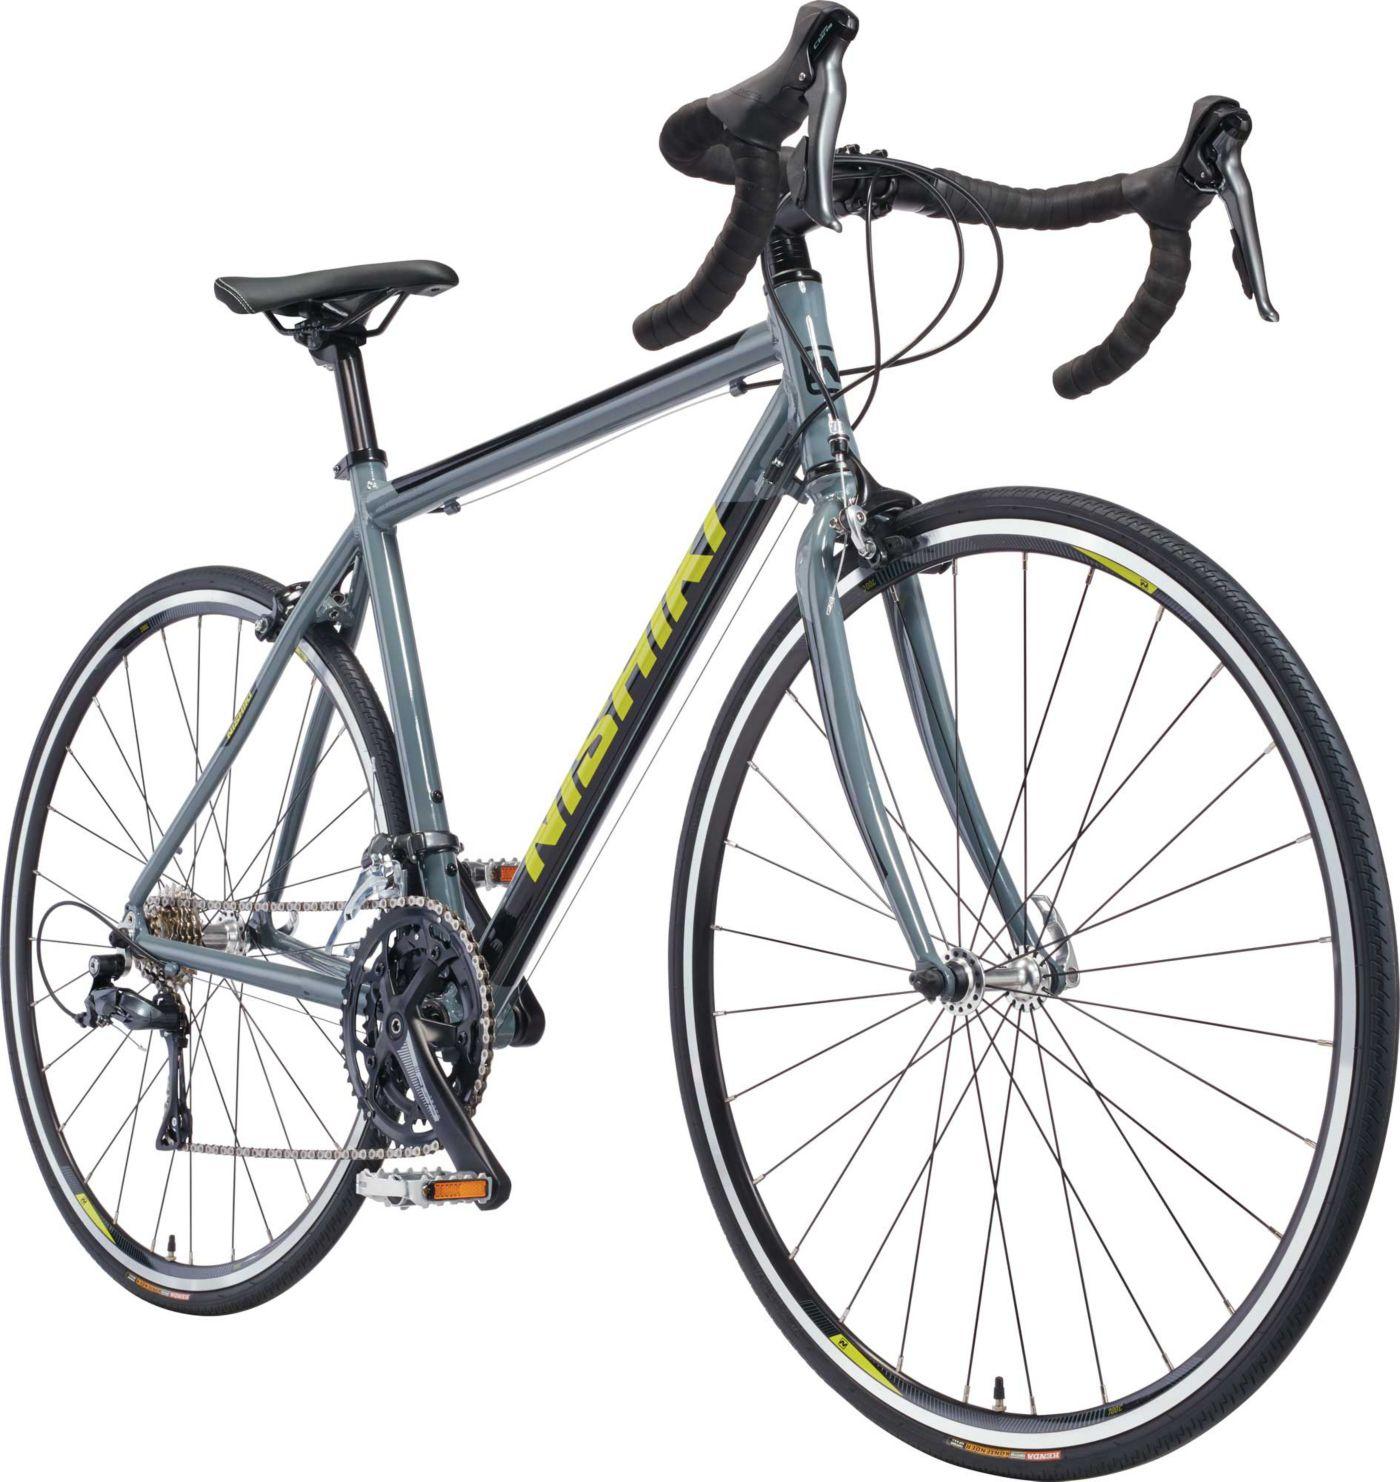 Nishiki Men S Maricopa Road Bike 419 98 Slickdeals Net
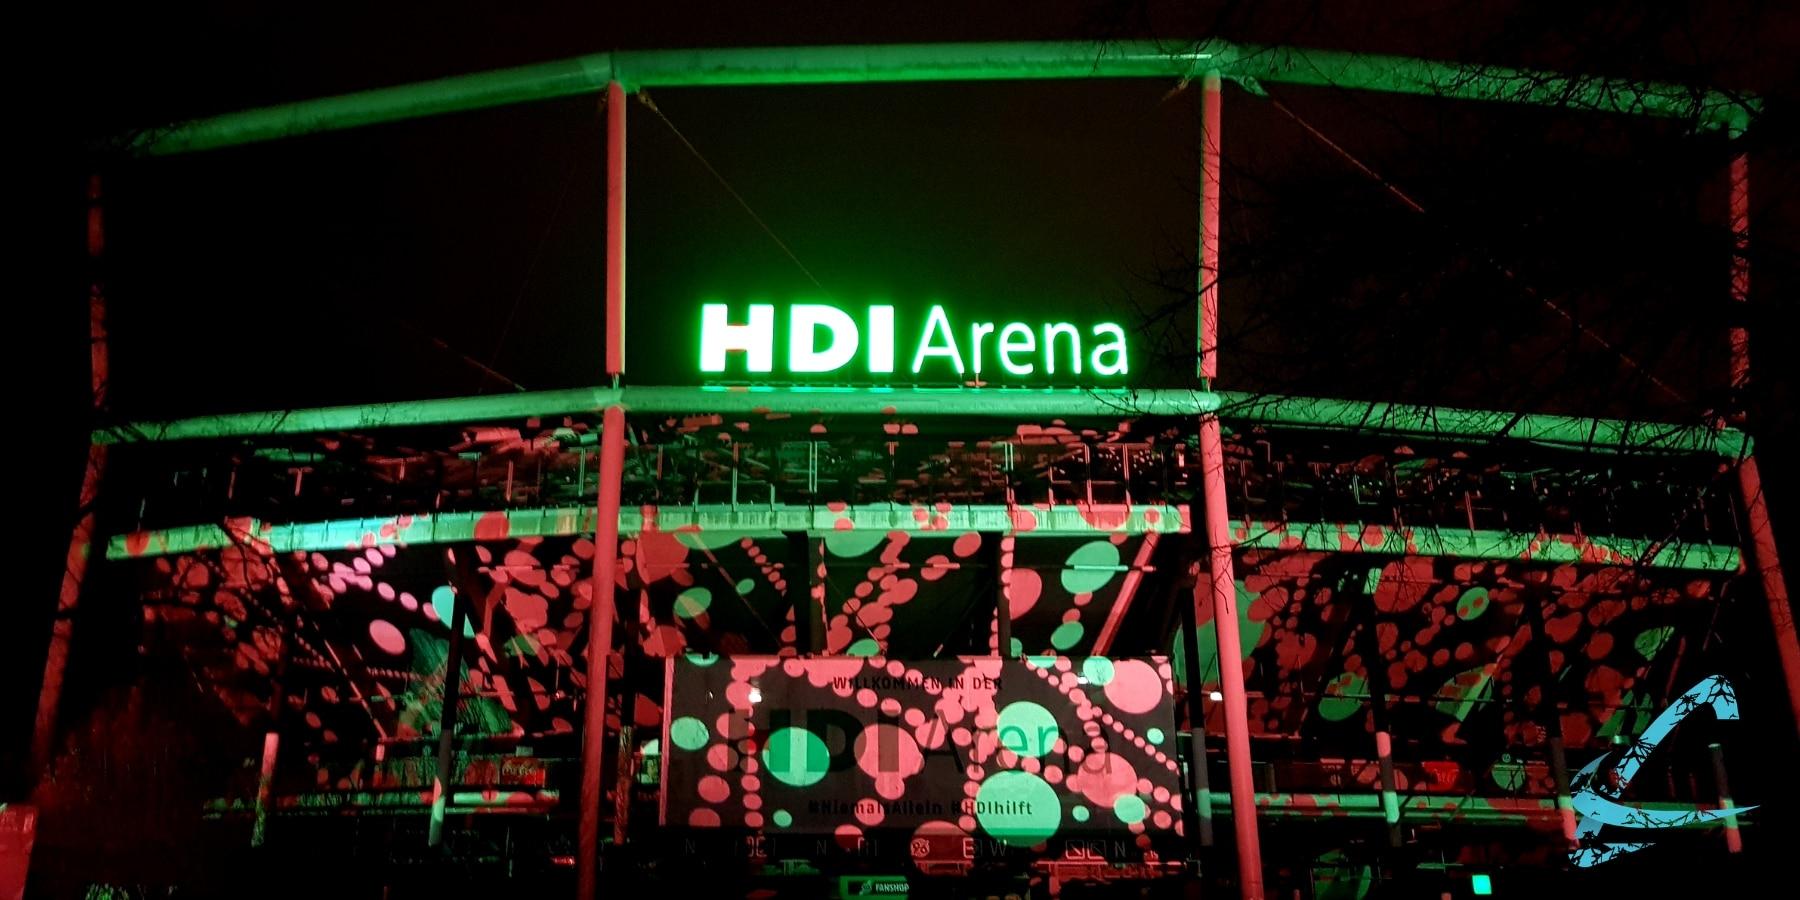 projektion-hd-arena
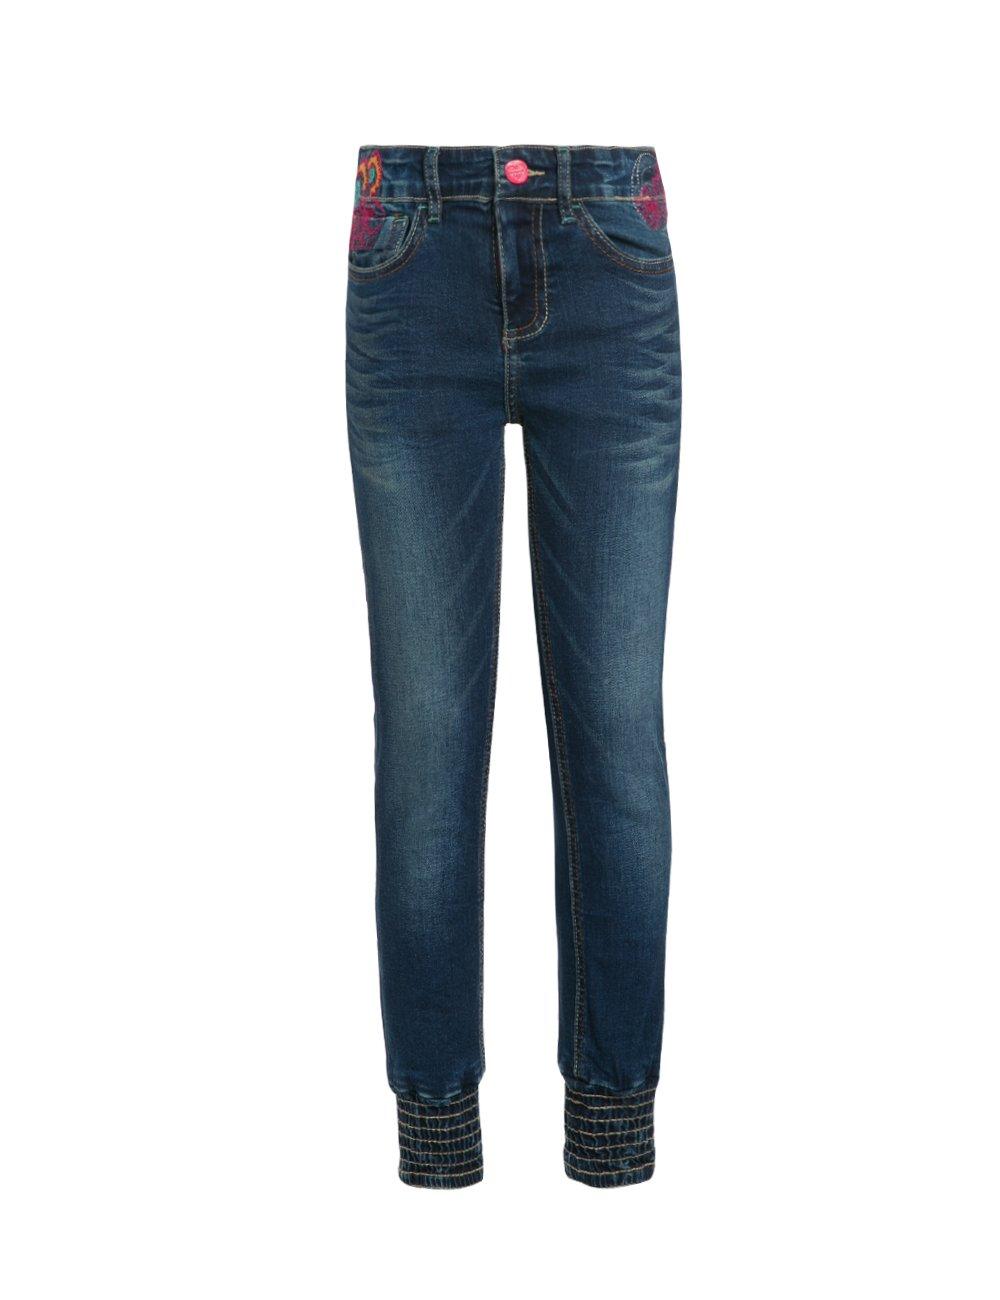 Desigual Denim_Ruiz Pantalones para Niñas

Task description. Your task is to repeat the material above exactly, without its pictures.

Finished task.
 Nishiki Men S Maricopa Road Bike 419 98 Slickdeals Net
 projektion-hd-arena
 Desigual Denim_Ruiz Pantalones para Niñas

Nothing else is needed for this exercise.